I am trying to find a decent scope mount for my wifes mossberg youth 20 gauge. The b square ones are nice but they want $50 bucks for them now and she just doesnt shoot it enough to spend it. Wondering what other options are out there or if anyone has a used one they want to get rid of.


----------



## Ron L (Nov 12, 2000)

madmike22 said:


> I am trying to find a decent scope mount for my wifes mossberg youth 20 gauge. The b square ones are nice but they want $50 bucks for them now and she just doesnt shoot it enough to spend it. Wondering what other options are out there or if anyone has a used one they want to get rid of.
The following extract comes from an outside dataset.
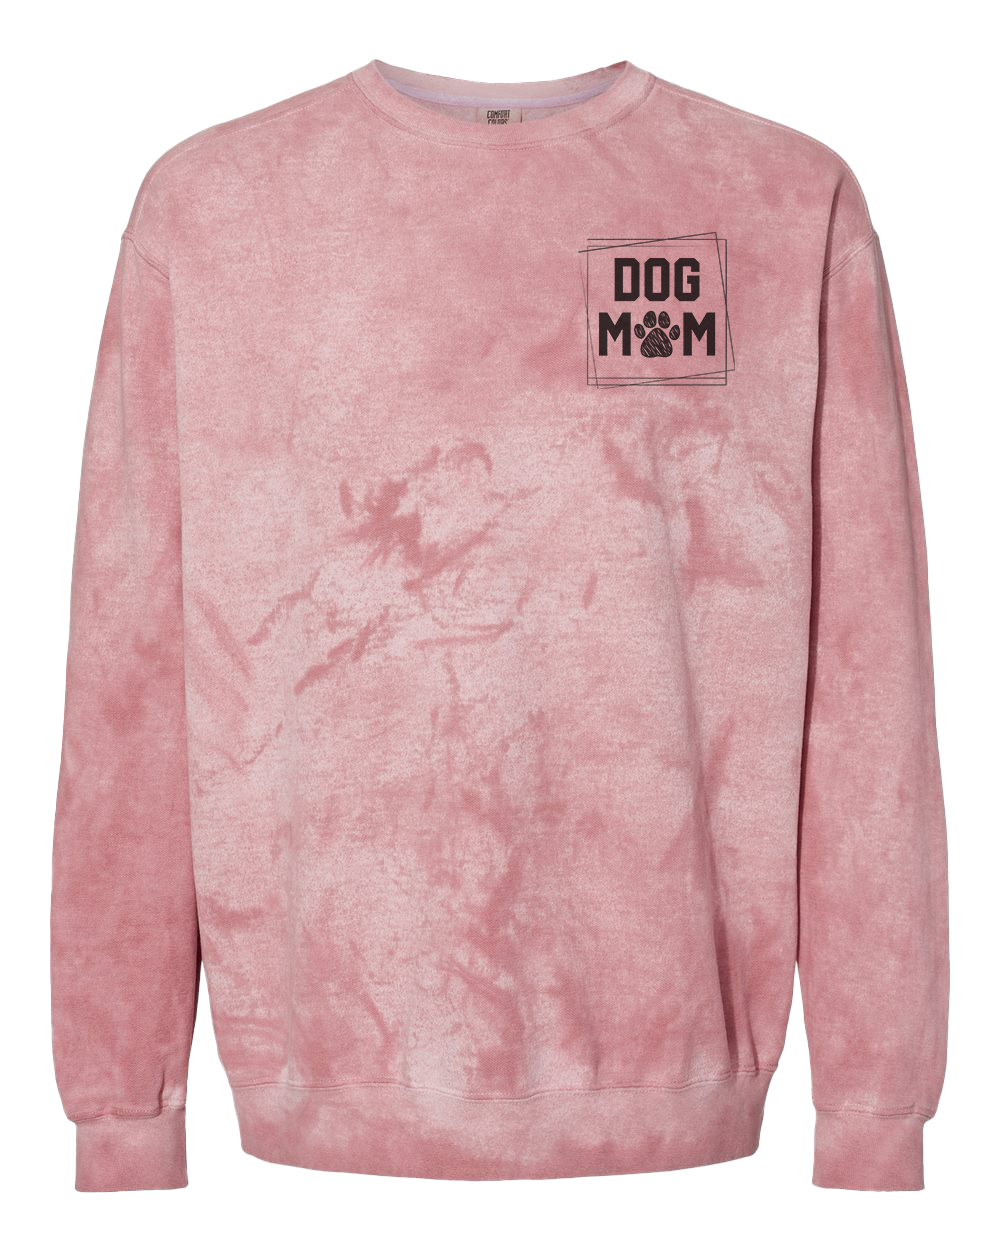 Dog Mom Crew Sweatshirt - Clay
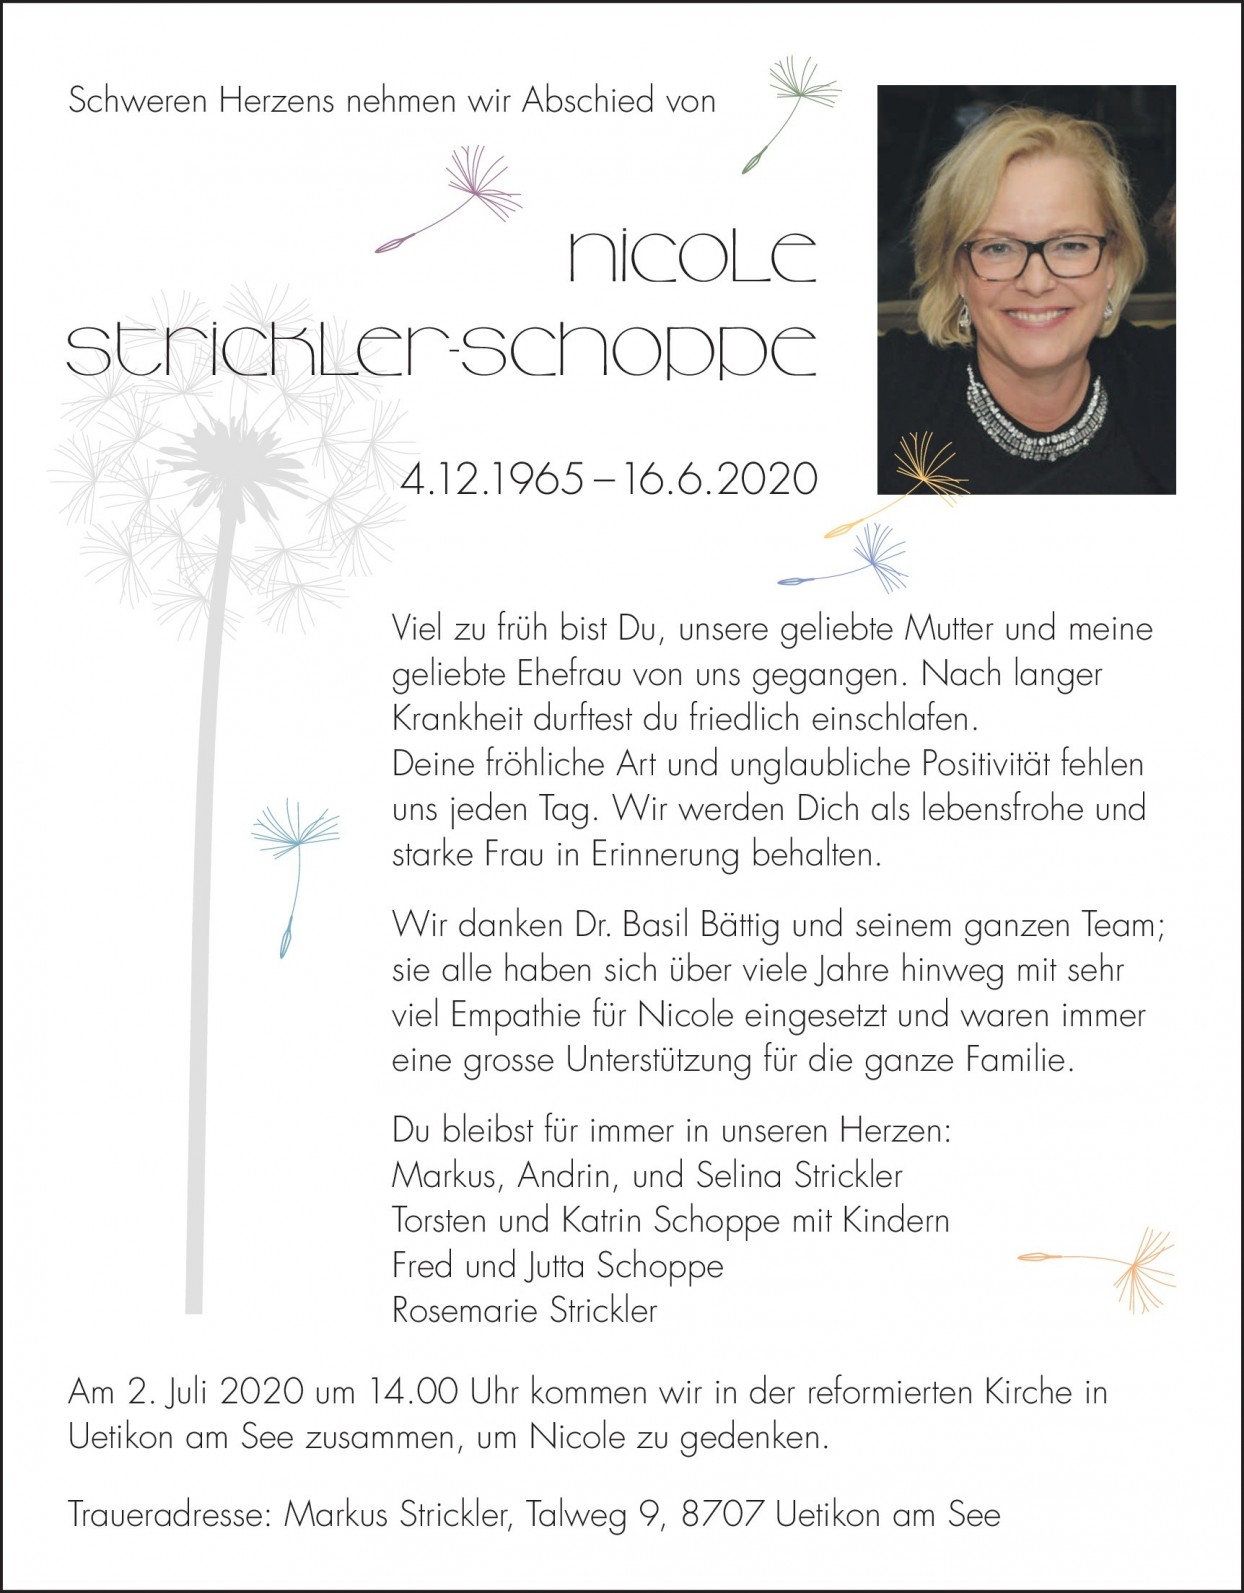 Nicole Strickler-Schoppe

Madmike, I have a sidesaddle scope mount for a Winchester that nobody's interested in buying. I'll pull out our Mossy and see if any of the holes line up. If you may be willing to drill another hole in the mount for another pin/bolt, you're welcome to it.


----------



## madmike22 (Aug 29, 2007)

Sure let me know what i need to do.


----------



## Ron L (Nov 12, 2000)

I tried the mount on my son's Mossy and it won't fit. It's just too far off, but it didn't hurt to try.


----------



## 3fingervic (Jan 28, 2009)

Go to cheaperthandirt.com they have a mount & ring wizard. I'm sure you can find a cheap mount that will work.


----------



## codybear (Jun 27, 2002)

Is that the Mossberg 505 20ga youth model? If so, the reciever should be drilled and tapped, then you just need to install a Picatinny rail and you can mount practically anything to it. I have that exact same shotgun..

CB


----------